But, as Everard Scott has pointed out, it was some rotten apples in the barrel that earned the US troops a bad name. Many families made friends with the strangers; some young women married their US soldier, sailor or Army Air Corps boyfriends.


However, Gaylord Kelshall relates that many men of the 99th anti-aircraft regiment — and their girlfriends — were a problem. These black troops were being paid more money than most had seen in their entire lives; women flocked to these free-spending soldiers and many were the fights between former boyfriends and the US troops.


Kelshall tells that when the regiment was ordered back Stateside the men were told they were going on manoeuvres in the bush; that they were to pile their heavy kit in the centre of their barrack rooms because they’d only need their backpacks. However, word leaked out that the regiment had its marching orders. Their local girlfriends weren’t about to let the boys of the 99th go without saying goodbye. The train carrying the regiment to the troopship in Chaguaramas was (in Kelshall’s words) festooned with wailing females.


The Army then proceeded to replace the 99th with the Alabama National Guard. They couldn’t have made a worse choice; finally, the Puerto Rican National Guard took over the duties of the 99th.


By the end of 1942 there were no less than 8,000 US servicemen in Trinidad. The majority were in the Naval base at Chaguaramas where there was much coming and going as warships arrived for training cruises, to be replaced by others when they were ready for battle. PC craft patrolled the waters around and about Trinidad, tracking the U-boats, attacking whenever possible.


Anti-submarine bombers and the huge "Spruce Goose" Martin flying boats attacked the U-boats from the air, dropping depth charges to blast them out of the water. (Two of the Martins flying boats survive to this day and are used to drop water and flame retardants, fighting forest fires in Canada — and Indonesia.)


Kelshall relates that the sea floor of the Gulf of Paria is littered with downed WW II planes; some forced to "ditch" after being attacked by the cannon on the U-Boats, others were the planes of young pilots on training flights who failed to make their landing back on the carrier flight decks. One of the planes resting on the sea floor still has the remains of the pilot, a famous baseball player, at the controls... Unexploded ordinance, bombs and shells, and shell casing still rest in the silt below the waters of the Gulf beside the skeletons of shot-up bombers and fighters.


Wallerfield with its two runways, parking bays and taxi-strips was only briefly involved in the fight against U-Boats and possible invasion. Planes landing at Wallerfield brought supplies for the garrison including, incredibly, gasoline, until the Base Commanders here managed to convince Washington (or wherever) that there was actually a Texaco oil refinery producing all the fuel the US forces needed down at Pointe-a-Pierre.

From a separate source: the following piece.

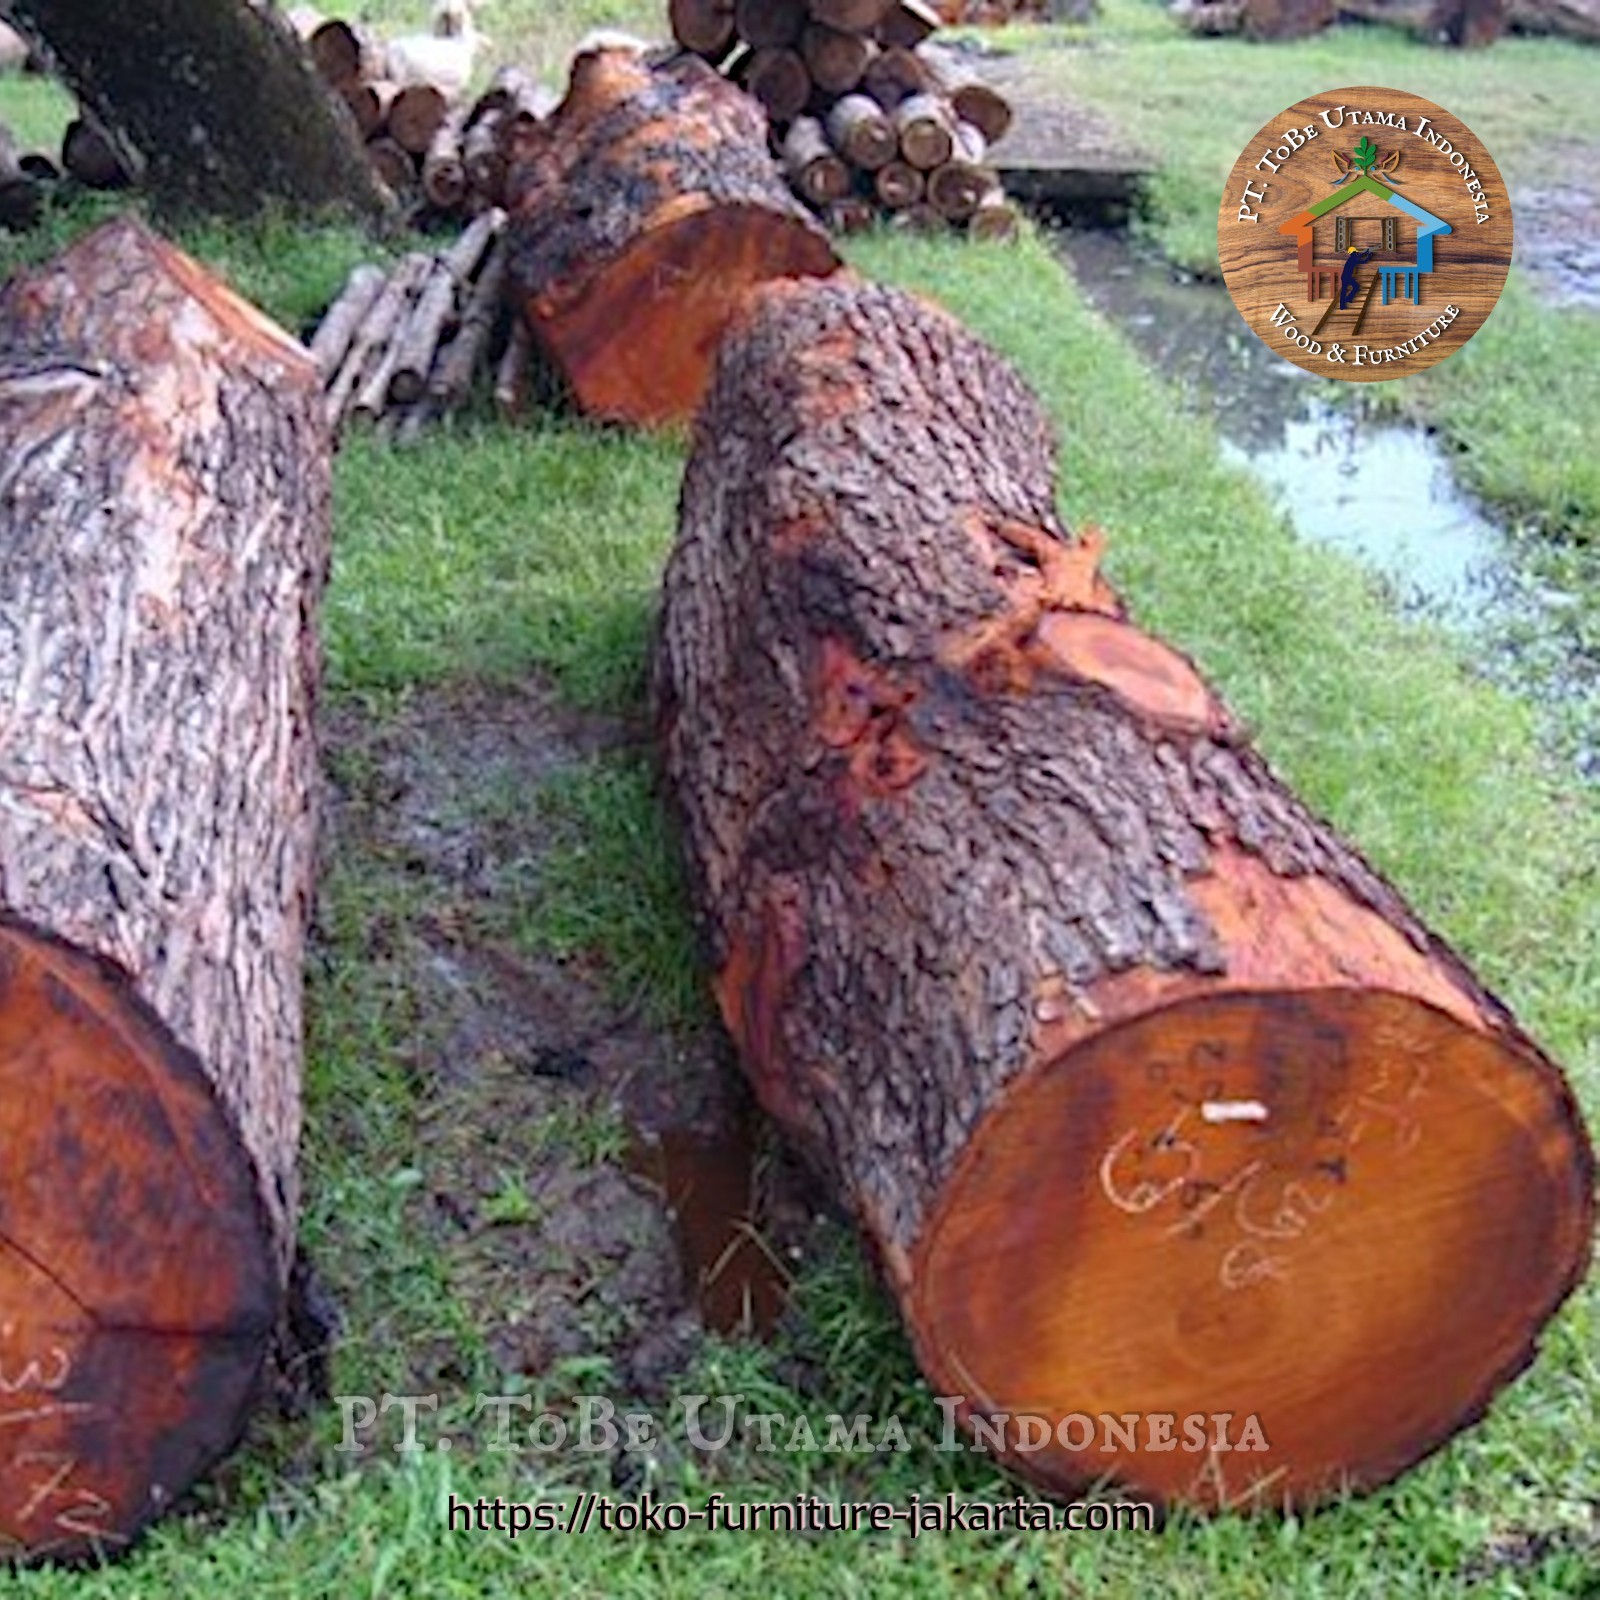 Wood Logs & Timber Wood: Mahogany Logs made of mahogany wood (image 1 of 2).

Today we expect to fly direct from New York to London, Paris, Rome, but the planes of WW II had to make at least one refuelling stop en route. To get supplies to US troops fighting in Europe and North Africa it was too dangerous, too insecure to take the direct, Northern route, too besides, the Irish weren’t exactly co-operative when it came to agreeing to grant landing and refuelling rights to US planes carrying wartime supplies to beleaguered Britain.


US planes carrying ammunition, food and equipment took a roundabout route from Miami to Wallerfield to Natal in Brazil (the bit on the map that sticks out towards the East into the Atlantic), then a transatlantic flight to Sierra Leone (the African "bulge" that protrudes westwards into the Atlantic), from there up to Morocco and across the Mediterranean to Europe.


From 1942, when combat aircraft were moved out to Carlsen Field, to 1945 there was a constant stream of supplies coming through Wallerfield. Carlsen Field wasn’t the only small airstrip in use in WW II, Camden Field was another small base and, as we have seen Toco airstrip was one of the many landing strips dotted about Trinidad for planes in trouble to make an emergency landing.


In Fort Read itself the Army, as distinct from the Army Air Corps, drilled and patrolled beaches and trained in the more remote parts of Trinidad. Lennox de la Rosa has already told us of a unit of the 33rd Infantry Regiment patrolling beaches in the North East.


The patrols, be they of the 33rd or other US regiments, took their duties seriously. Seeing lights on East Coast beaches the US servicemen decided these were Nazi sympathisers signalling to U-Boats sending spies and equipment ashore. The US Command organised a huge exercise covering the East Coast to trap the spies. Troops moved in, as planned, on dark night and caught — local lads hunting with lights to catch crabs.


On a more serious note, the few surviving veterans of the 1st battalion 33rd Infantry Division (Merrill’s Marauders) have never forgotten jungle training in Manzanilla, known to the troops as "The Road to Hell" because their training involved the use of live ammunition. It’s said losses averaged four casualties killed every day while troops were out on jungle training manoeuvres in Manzanilla.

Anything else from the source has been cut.